This post is a followup to "When tears are not enough", that covered the withdrawal of the appeal by the Middlesex-Lambton Wind Action Group of the Renewable Energy Approval that had been awarded to Zephyr Farms. The appeal was being heard by the Environmental Review Tribunal. In a previous post, we showed the interpretations of what happened in the proceedings from MLWAG and from the counsel for Zephyr Farms.
In this post we'll quote from the Tribunals Decision.
The first part of the Decision covered the timing leading up the Decision. It's important to keep these dates in mind as context while reading the Decision.
2011Oct31 REA issued to Zephyr
2011Nov15 MLWAG filed appeal
2011dec15 Tribunal sets schedule
2011jan06 Deadline for initial discovery documents
2012jan13 MOE files motion requesting, among other things:
a. medical records for those claiming serious health effects
b. records of lawsuits brought by witnesses against
wind turbine operators
c. real estate records from witnesses alleging that
they were forced to sell or abandon
2012jan20 Tribunal orders that motion be heard in writing
2012feb02 Tribunal orders that:
a. Appellant provide documents in a,b,c by 2012feb09
b. Parties exchange all other documents and witness
statements by 2012feb16
c. Parties exchange any reply witness statements
2012feb21 Original date for commencement of hearing
2012feb29 Date of reasons for ERT Decision on MOE motion
After a preamble regarding which statutes cover the proceedings, the Tribunal covered three issues:
1. Whether the motion for production of documents be heard in writing:
The Tribunal ruled in favour of written submissions.
2. Whether the Director's Motion for production of documents pertaining to medical records for the witnesses who are claiming serious health effects due to proximity to wind turbines, information and records concerning any and all lawsuits filed by witnesses against wind turbine operators and all real estate records from those witnesses alleging that they were forced to sell or abandon their homes, should be granted.
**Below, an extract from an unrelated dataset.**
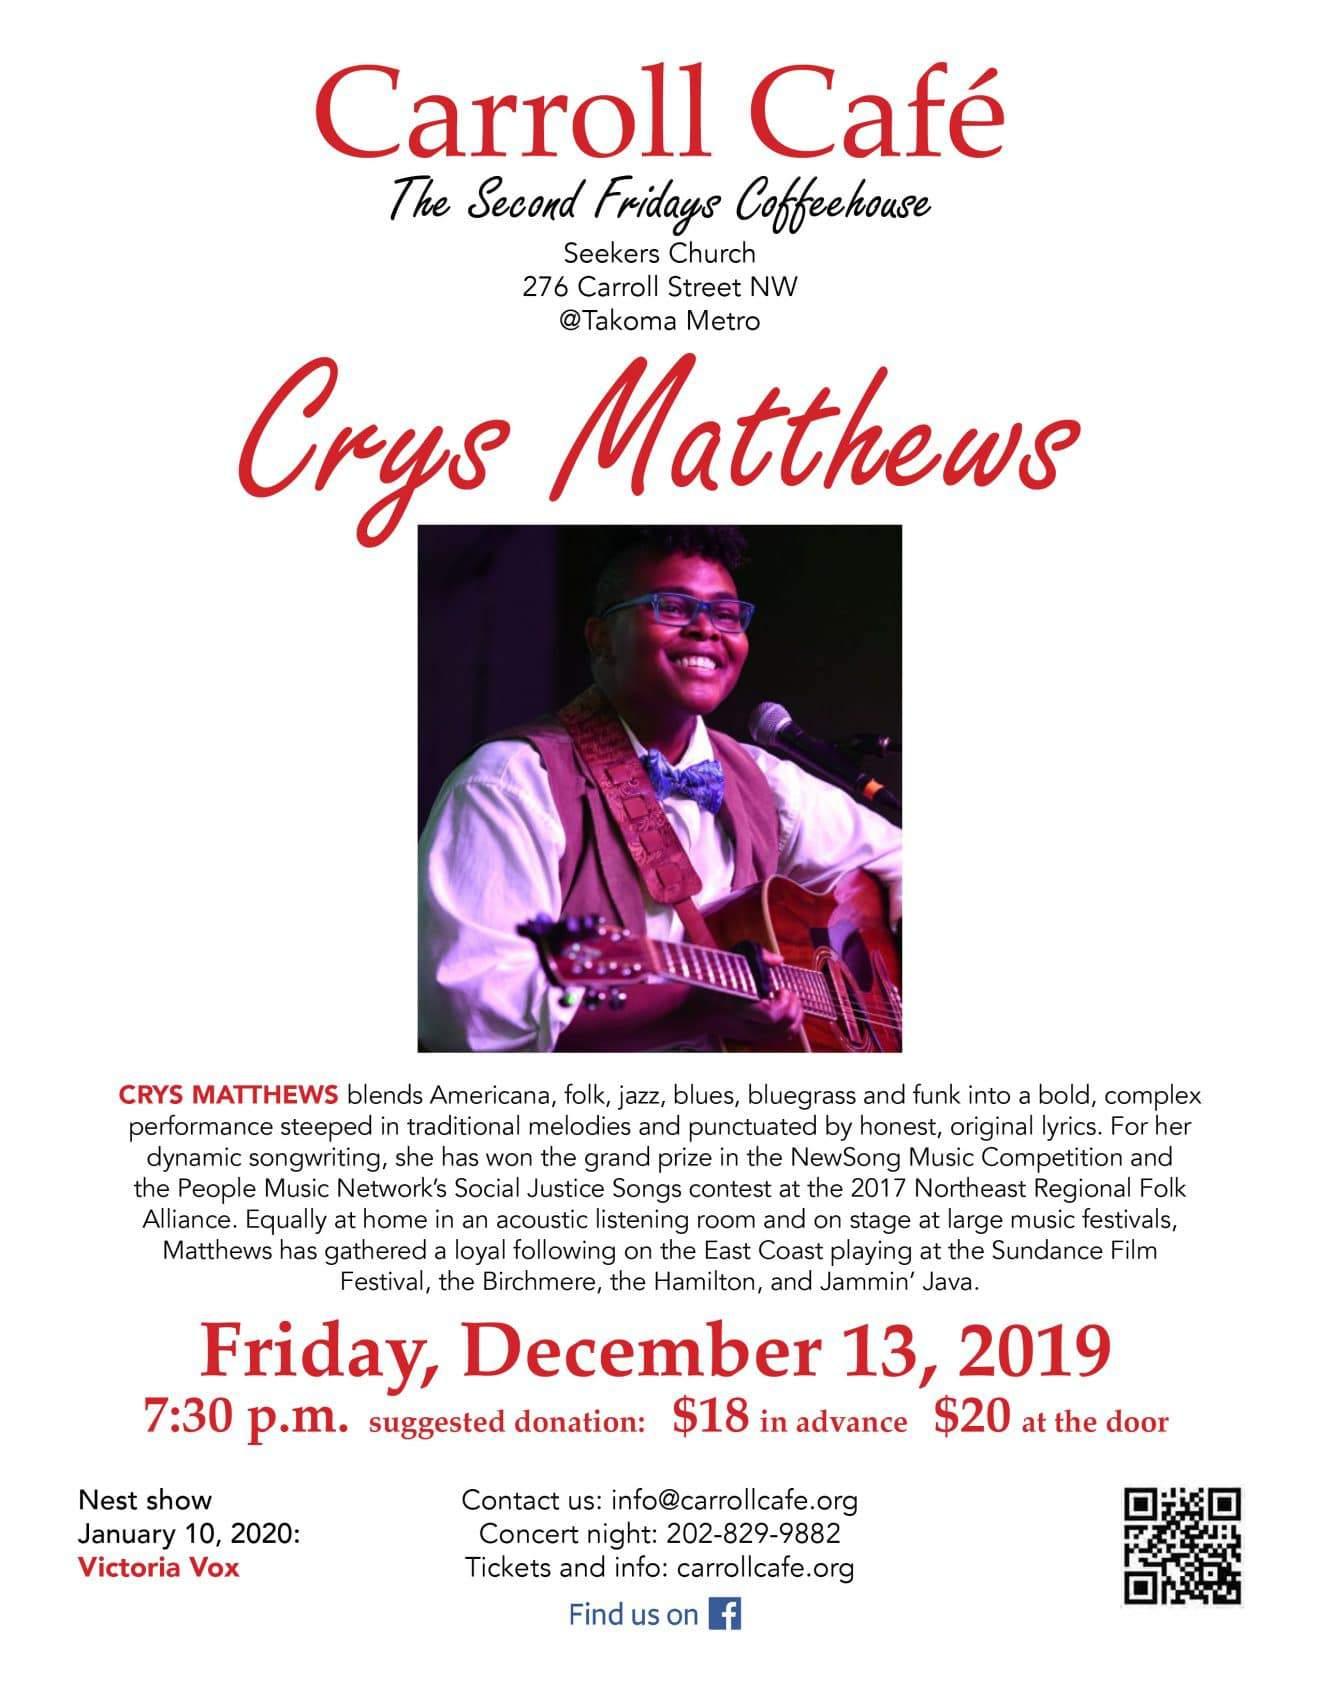 Carroll Cafe presents CRYS MATTHEWS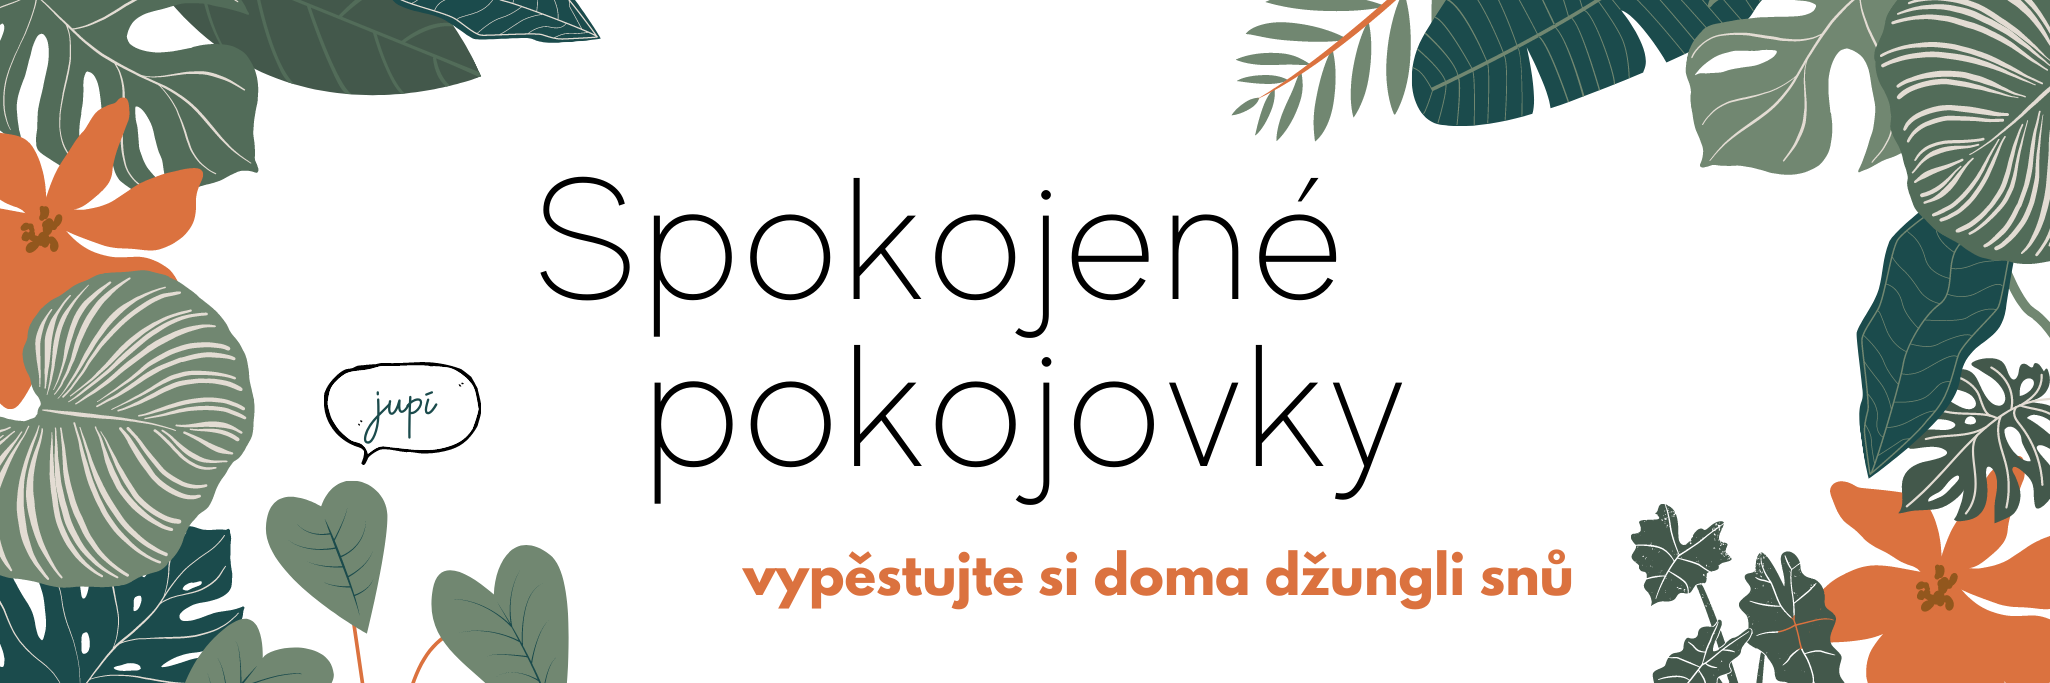 Spokojenepokojovky.cz | Iris Marešová

Here are the relevant extractions from a long Decision:
.... Lay witnesses are only permitted to give testimony with respect to facts as they observe them and are not permitted to express opinions on medical diagnoses or the causes of disease. The usual way of presenting such evidence is through qualified medical experts who are familiar with the medical histories of the individuals and knowledgeable about the etiology of the diseases those individuals suffer from. To this extent, complete medical records of the Appellant's proposed witnesses would appear to be highly relevant to the Appellant's case. ....
....The Tribunal must balance the interests of all of the Parties, and, in light of the regulated timeline, the public interest in a fair and timely resolution of this appeal. Given these interests, the Tribunal finds that a lengthy adjournment to gather complete medical records for each witness is not appropriate. The Appellant knew of the time constraints on REA appeals when it filed its Notice of Appeal on November 15, 2011. More than two months later, it has provided no explanation for its inability to obtain a single medical record for any of the witnesses it proposes to call. According to the cross-examination of the affidavit of Ms. Croome by Counsel for the Director, as of January 23, 2012, it appears that the only records that have been requested by Counsel for the Appellant are records in the hands of the witnesses themselves and no request has been made for records directly from physicians; hospitals, or OHIP. ....
.... It seems difficult to believe that not one set of medical records has been obtained, or could have been obtained, by this point. ....
.... With respect to the Director's request that the Tribunal prohibit witnesses from testifying about their own health status, the Tribunal will not at this stage issue an order preventing lay witnesses from giving testimony as to symptoms they experience. The Tribunal will ultimately have to assess the relevance and weight of this testimony, but will not now preclude introduction of that evidence. ....
.... The Tribunal's direction to the Parties in its December 15, 2011 Order required, by January 6,2012, a summary of intended "evidence", that is, a summary of the evidence (factual and opinion) that each witness will testify about. It is not sufficient at this point, on the eve of the Hearing, to say only, for each of approximately 18 individuals, that he or she "lives in close proximity to an industrial wind turbine" project and has suffered "serious health effects". Specific, relevant facts, such as the location where each individual lives in relation to a turbine project, information about each wind turbine project, measured noise levels at each location, and the specific symptoms and particular medical conditions suffered by each individual, must be stated in the summary of evidence. ....
So, witnesses may be heard, but their evidence will be weighed by the facts supporting their claims. In other words, tears are not enough. In addition, those facts must be made available to the other counsel during discovery.
3. Whether the Tribunal should grant an order striking the Appellant's Witness List "B" as an abuse of process.
List "B" are the expert witnesses, most of whom had been called in the previous ERT hearing. The Tribunal ruled that they could be heard but only on issues relevant the this particular project and only on information that has become available since the last hearing. In other words, the Appellant could not re-litigate the previous hearing.